Super-major ExxonMobil Corp., Irving, Texas, (NYSE: XOM) plans to acquire independent and U.S. gas-focused XTO Energy Inc., Fort Worth, Texas, (NYSE: XTO) in an all-stock transaction valued at $41 billion, giving ExxonMobil exposure to all key unconventional resource basins in the U.S.

ExxonMobil will pay 0.7098 share per XTO share, a 25% premium to XTO’s closing price of $41.49 on Dec. 11, in a tax-free transaction. The transaction value includes $10 billion of existing XTO debt.

XTO holds interests in the Barnett, Haynesville, Fayetteville, Woodford, Marcellus and Bakken shales, the San Juan region, South Texas and the Gulf Coast, offshore Gulf of Mexico and the North Sea. It reports a resource base of 45 trillion cu. ft. of gas. The company’s proved reserves are approximately 13.9 trillion cu. ft. equivalent. Production is 2.3 billion cu. ft. equivalent per day (80% gas).

ExxonMobil chairman and chief executive Rex W. Tillerson says, “XTO is a leading U.S. unconventional natural gas producer, with an outstanding resource base, strong technical expertise and highly skilled employees. XTO’s strengths, together with ExxonMobil’s advanced R&D and operational capabilities, global scale and financial capacity, should enable development of additional supplies of unconventional oil and gas resources, benefiting consumers in the U.S. and around the world.”

Tillerson said the agreement is part of an ongoing, disciplined evaluation of timely investment opportunities to create value for shareholders, and to help meet long-term global energy demand.
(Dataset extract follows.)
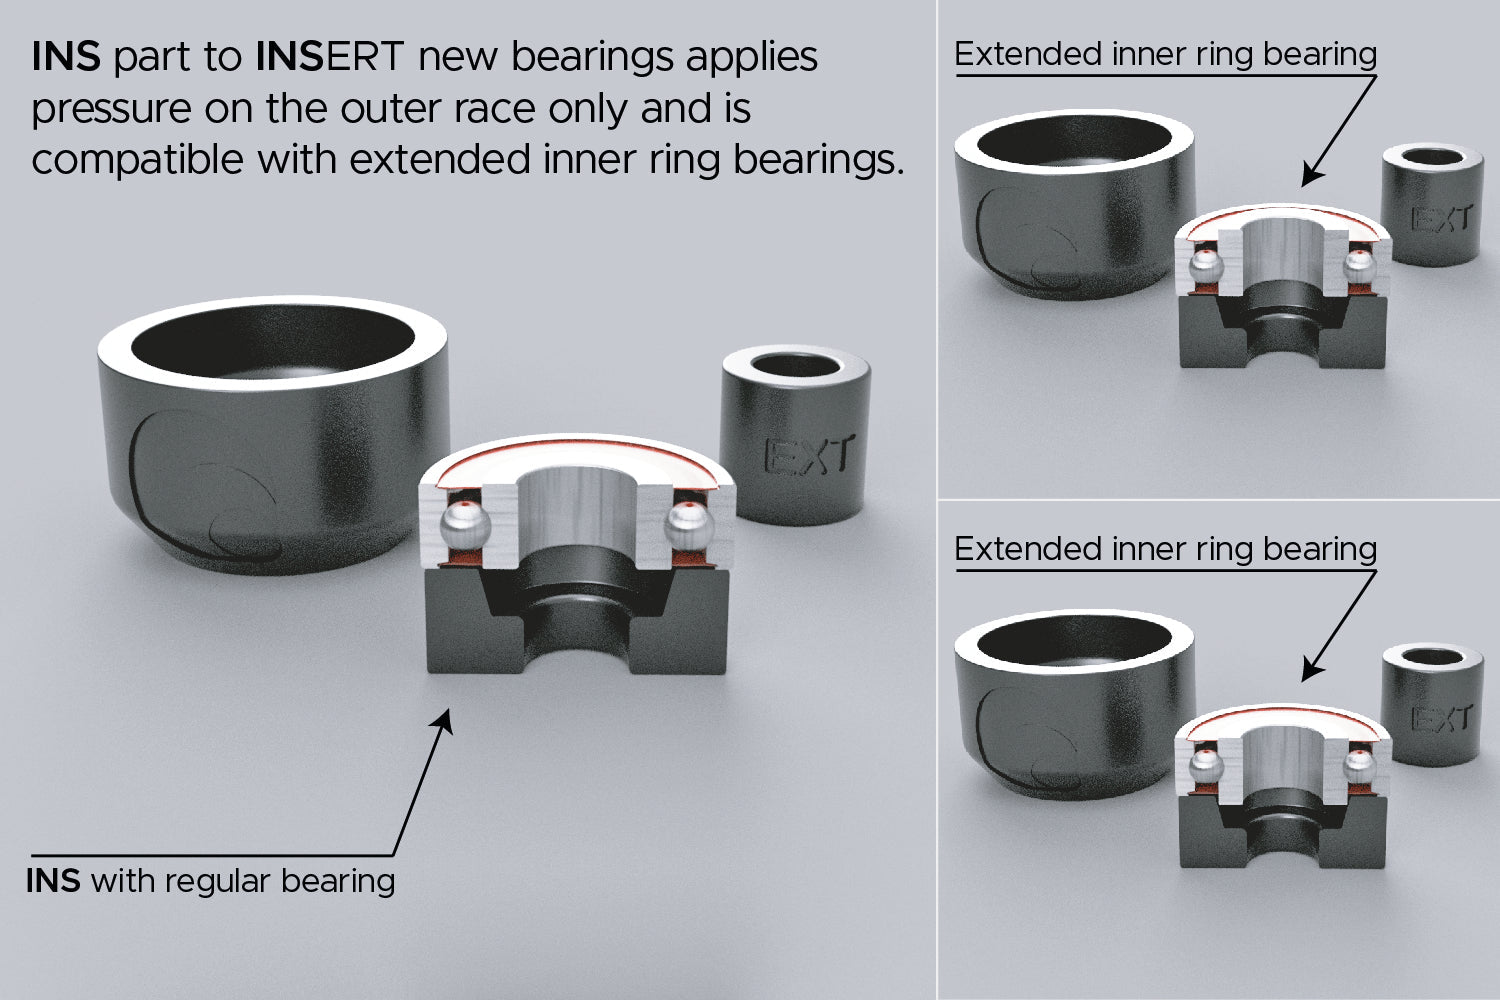 Our Bearing Press Tools and Kits are compatible with extended inner ring bearings.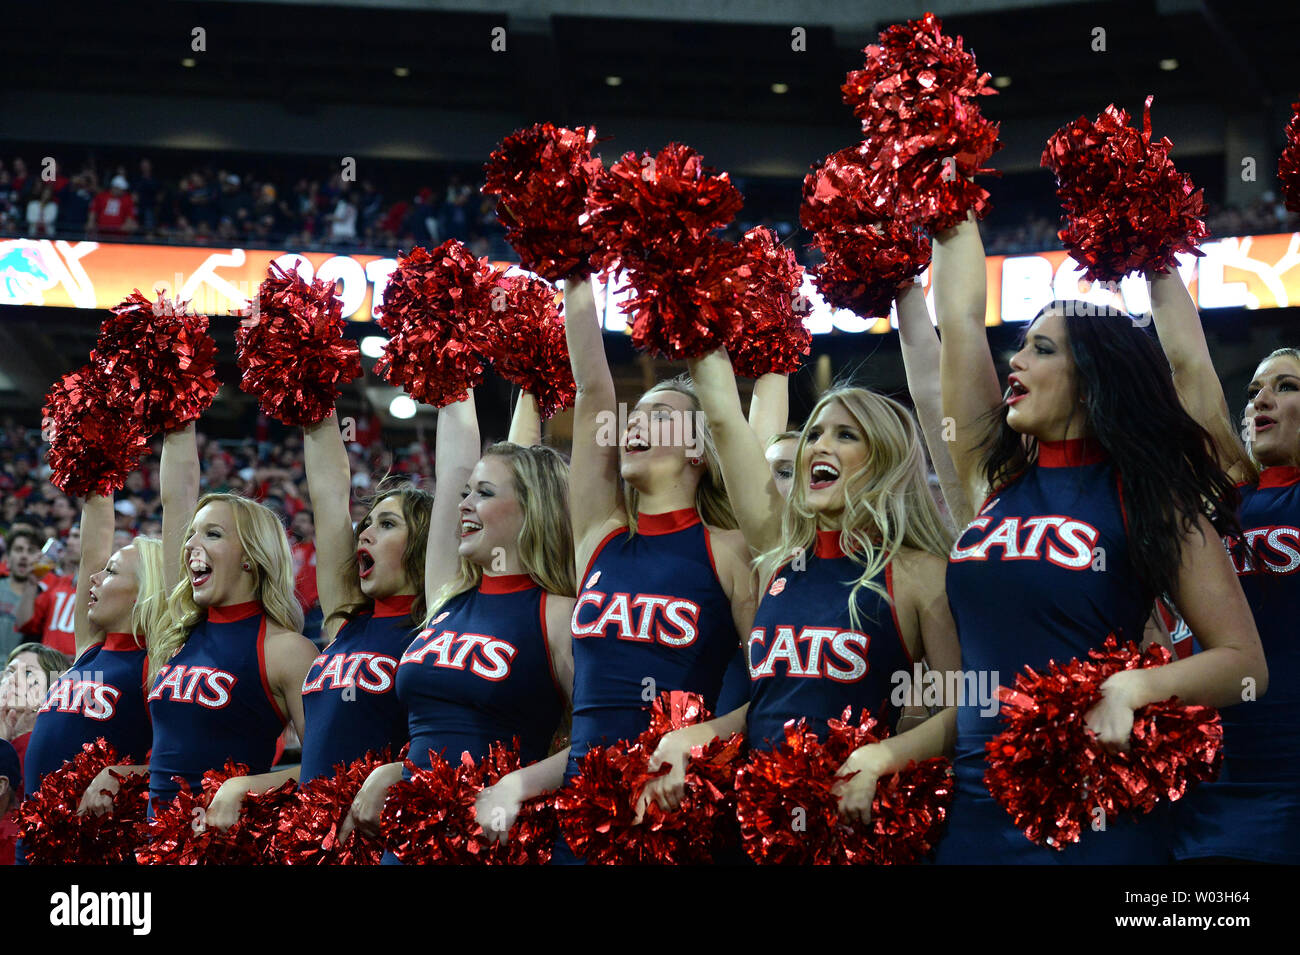 arizona-wildcats-cheerleaders-celebrate-a-touchdown-by-the-wildcats-in-the-second-quarter-of-the-fiesta-bowl-between-the-wildcats-and-the-boise-state-broncos-at-university-of-phoenix-stadium-in-glendale-arizona-december-31-2014-upiart-foxall-W03H64.jpg

ExxonMobil intends to establish a new upstream organization to manage global development and production of unconventional resources, enabling the rapid development and deployment of technologies and operating practices to increase production and maximize resource value. The new organization will be headquartered in XTO’s current offices in Fort Worth.

For the first nine months of 2009, ExxonMobil produced some 8.8 billion cu. ft. of gas per day, representing approximately 45% of total production. Pro forma, ExxonMobil will hold approximately 8 million unconventional acres, with approximately 60% outside of the U.S.

XTO chairman and founder Bob R. Simpson says, “XTO has a proven ability to profitably and consistently grow production and reserves in unconventional resources. As the world’s leading energy company, ExxonMobil will build on our success and open new opportunities for the development of natural gas and oil resources on a global basis.”

XTO was founded in 1986 and has about 3,000 employees.

J.P. Morgan Securities Inc. is financial advisor to ExxonMobil. Barclays Capital Inc. and Jefferies & Co. Inc. are financial advisors to XTO, and Barclays provided a fairness opinion.

Closing is expected in second-quarter 2010.

Stephen Richardson, analyst with Morgan Stanley & Co. Inc., values the deal at $2.91 per thousand cu. ft. (Mcf) on proved reserves and proved, probable and possible reserves of 45 trillion cu. ft. at $0.90 per Mcfe.

“While ExxonMobil’s bid for XTO holds positive valuation implications, we do not see the deal as a buy signal for the group,” Richardson says. “The approximate 25% premium highlights what we see as an approximate 25% average discount to fair value at the current forward curve (about $7 per Mcf long term), where the gas-levered E&Ps trade today. While we view this equity risk premium applied to the group as warranted considering risks to the forward curve, (this deal) shows that M&A remains a viable alternative for E&Ps looking to fill this gap between the equities and the commodity.”

He adds, “Thematically, we think the deal further validates the unconventional natural gas resource strategy employed by the U.S. independents over the past decade to the global integrated investor base. The deal likely accelerates the globalization of unconventional gas exploitation over the coming decade.”

Morgan Keegan Equity Research analyst Chris Pikul estimates the deal metrics at $2.80 per Mcfe using a year-end 2009 reserve forecast of 14.3 trillion cu. ft. equivalent, “a slight discount to our peer-group average of $3 per Mcfe.” He estimates 3P valuation at $0.70/Mcfe. “With XTO shares up only about 17% in 2009 prior to the deal, versus a peer-group average of about 50%, we’re not convinced this transaction appropriately compensates XTO shareholders for the company’s large low-risk resource potential of 45 trillion cu. ft. equivalent.”